(Beginning of Provided entries)

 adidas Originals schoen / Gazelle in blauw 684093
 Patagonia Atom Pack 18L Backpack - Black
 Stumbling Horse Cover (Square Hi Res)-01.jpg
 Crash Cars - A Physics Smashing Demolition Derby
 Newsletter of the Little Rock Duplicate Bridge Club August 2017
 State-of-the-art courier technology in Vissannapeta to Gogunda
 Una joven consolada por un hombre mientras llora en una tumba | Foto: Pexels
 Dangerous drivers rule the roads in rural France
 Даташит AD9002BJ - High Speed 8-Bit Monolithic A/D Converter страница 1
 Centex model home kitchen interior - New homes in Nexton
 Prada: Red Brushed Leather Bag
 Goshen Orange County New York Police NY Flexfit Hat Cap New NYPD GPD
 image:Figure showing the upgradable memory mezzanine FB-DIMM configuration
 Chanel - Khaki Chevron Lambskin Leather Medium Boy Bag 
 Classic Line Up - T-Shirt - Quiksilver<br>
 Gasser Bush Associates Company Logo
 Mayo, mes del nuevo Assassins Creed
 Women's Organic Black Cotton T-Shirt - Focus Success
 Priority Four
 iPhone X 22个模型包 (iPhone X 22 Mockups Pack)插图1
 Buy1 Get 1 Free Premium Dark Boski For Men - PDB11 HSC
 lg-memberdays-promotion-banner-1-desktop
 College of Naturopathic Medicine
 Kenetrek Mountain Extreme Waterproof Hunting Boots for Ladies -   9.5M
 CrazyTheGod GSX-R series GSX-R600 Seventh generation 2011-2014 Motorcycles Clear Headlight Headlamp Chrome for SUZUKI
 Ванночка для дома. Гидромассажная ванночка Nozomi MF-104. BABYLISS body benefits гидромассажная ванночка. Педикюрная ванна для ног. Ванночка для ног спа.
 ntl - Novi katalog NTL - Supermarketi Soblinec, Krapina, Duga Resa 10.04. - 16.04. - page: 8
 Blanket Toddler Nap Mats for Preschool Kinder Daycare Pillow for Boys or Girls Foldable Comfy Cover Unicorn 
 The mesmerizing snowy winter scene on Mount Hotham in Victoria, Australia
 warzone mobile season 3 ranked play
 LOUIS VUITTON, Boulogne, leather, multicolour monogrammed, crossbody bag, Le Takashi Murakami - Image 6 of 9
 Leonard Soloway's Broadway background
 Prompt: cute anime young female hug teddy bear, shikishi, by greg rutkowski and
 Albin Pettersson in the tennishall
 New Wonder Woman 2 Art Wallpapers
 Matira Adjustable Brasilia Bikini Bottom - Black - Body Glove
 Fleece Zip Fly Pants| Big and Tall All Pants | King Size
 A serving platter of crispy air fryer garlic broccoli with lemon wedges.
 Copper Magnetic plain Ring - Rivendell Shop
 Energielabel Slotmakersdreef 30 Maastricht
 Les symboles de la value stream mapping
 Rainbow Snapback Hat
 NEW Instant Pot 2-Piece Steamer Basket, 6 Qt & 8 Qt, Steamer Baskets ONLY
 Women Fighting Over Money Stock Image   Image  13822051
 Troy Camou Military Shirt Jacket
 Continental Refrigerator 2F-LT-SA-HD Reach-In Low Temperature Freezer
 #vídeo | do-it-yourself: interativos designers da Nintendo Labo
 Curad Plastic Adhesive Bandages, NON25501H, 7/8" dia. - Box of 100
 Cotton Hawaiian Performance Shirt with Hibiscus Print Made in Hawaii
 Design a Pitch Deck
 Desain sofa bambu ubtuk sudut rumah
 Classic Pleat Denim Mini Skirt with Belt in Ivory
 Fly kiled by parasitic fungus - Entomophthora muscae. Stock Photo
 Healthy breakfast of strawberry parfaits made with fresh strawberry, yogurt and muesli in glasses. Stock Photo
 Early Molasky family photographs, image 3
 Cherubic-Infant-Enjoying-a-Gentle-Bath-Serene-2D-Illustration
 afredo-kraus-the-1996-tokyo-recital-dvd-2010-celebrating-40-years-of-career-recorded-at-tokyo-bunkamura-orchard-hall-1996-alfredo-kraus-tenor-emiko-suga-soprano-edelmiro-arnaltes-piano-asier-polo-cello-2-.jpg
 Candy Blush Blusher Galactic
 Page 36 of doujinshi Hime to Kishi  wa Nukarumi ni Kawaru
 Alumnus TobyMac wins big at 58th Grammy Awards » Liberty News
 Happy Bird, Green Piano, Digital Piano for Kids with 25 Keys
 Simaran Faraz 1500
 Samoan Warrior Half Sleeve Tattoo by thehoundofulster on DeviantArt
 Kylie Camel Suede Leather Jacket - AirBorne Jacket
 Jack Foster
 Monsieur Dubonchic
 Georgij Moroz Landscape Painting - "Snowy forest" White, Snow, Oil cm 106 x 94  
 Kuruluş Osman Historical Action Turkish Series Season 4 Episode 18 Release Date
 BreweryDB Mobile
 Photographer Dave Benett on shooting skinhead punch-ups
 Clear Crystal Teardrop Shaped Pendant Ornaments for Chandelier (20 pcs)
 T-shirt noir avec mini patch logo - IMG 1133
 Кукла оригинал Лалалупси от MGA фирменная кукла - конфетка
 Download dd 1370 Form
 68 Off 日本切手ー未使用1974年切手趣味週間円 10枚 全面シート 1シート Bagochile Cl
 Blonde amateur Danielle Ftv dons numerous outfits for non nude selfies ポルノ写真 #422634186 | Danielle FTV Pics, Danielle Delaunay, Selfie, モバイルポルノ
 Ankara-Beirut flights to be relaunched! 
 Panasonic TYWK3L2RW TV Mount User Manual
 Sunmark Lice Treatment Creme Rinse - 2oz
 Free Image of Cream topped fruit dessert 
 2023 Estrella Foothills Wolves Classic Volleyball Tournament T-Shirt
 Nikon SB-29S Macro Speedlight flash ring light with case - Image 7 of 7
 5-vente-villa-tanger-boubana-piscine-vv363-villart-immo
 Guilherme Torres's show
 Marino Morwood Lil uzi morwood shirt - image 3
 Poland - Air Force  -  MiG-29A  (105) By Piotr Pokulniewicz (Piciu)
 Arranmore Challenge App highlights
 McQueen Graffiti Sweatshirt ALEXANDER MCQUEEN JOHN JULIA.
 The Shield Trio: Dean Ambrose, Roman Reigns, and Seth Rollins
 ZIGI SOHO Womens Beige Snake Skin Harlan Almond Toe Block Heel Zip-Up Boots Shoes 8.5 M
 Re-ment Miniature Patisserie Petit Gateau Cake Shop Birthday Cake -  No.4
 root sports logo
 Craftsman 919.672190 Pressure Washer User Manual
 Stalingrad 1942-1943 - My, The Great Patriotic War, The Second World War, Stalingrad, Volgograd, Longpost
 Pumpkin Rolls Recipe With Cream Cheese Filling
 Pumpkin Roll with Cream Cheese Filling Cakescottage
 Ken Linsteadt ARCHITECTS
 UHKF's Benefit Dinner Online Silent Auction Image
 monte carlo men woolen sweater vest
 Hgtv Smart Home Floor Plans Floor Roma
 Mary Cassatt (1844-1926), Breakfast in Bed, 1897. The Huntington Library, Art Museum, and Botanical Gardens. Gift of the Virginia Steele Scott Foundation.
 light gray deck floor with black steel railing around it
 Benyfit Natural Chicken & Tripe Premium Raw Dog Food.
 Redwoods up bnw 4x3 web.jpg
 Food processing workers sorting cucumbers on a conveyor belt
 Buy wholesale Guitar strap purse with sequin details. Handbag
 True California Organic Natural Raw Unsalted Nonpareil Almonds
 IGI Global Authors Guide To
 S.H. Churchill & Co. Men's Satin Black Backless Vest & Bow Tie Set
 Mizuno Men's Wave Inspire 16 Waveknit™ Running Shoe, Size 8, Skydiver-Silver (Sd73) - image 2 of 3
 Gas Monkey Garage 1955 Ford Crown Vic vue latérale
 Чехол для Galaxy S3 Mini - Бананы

(End of Provided entries)

▸ Try it
Working from the records above, write out verbatim only the lines from the line containing "Newsletter of the" through the line containing "Centex model home".

▸ Task result
 Newsletter of the Little Rock Duplicate Bridge Club August 2017
 State-of-the-art courier technology in Vissannapeta to Gogunda
 Una joven consolada por un hombre mientras llora en una tumba | Foto: Pexels
 Dangerous drivers rule the roads in rural France
 Даташит AD9002BJ - High Speed 8-Bit Monolithic A/D Converter страница 1
 Centex model home kitchen interior - New homes in Nexton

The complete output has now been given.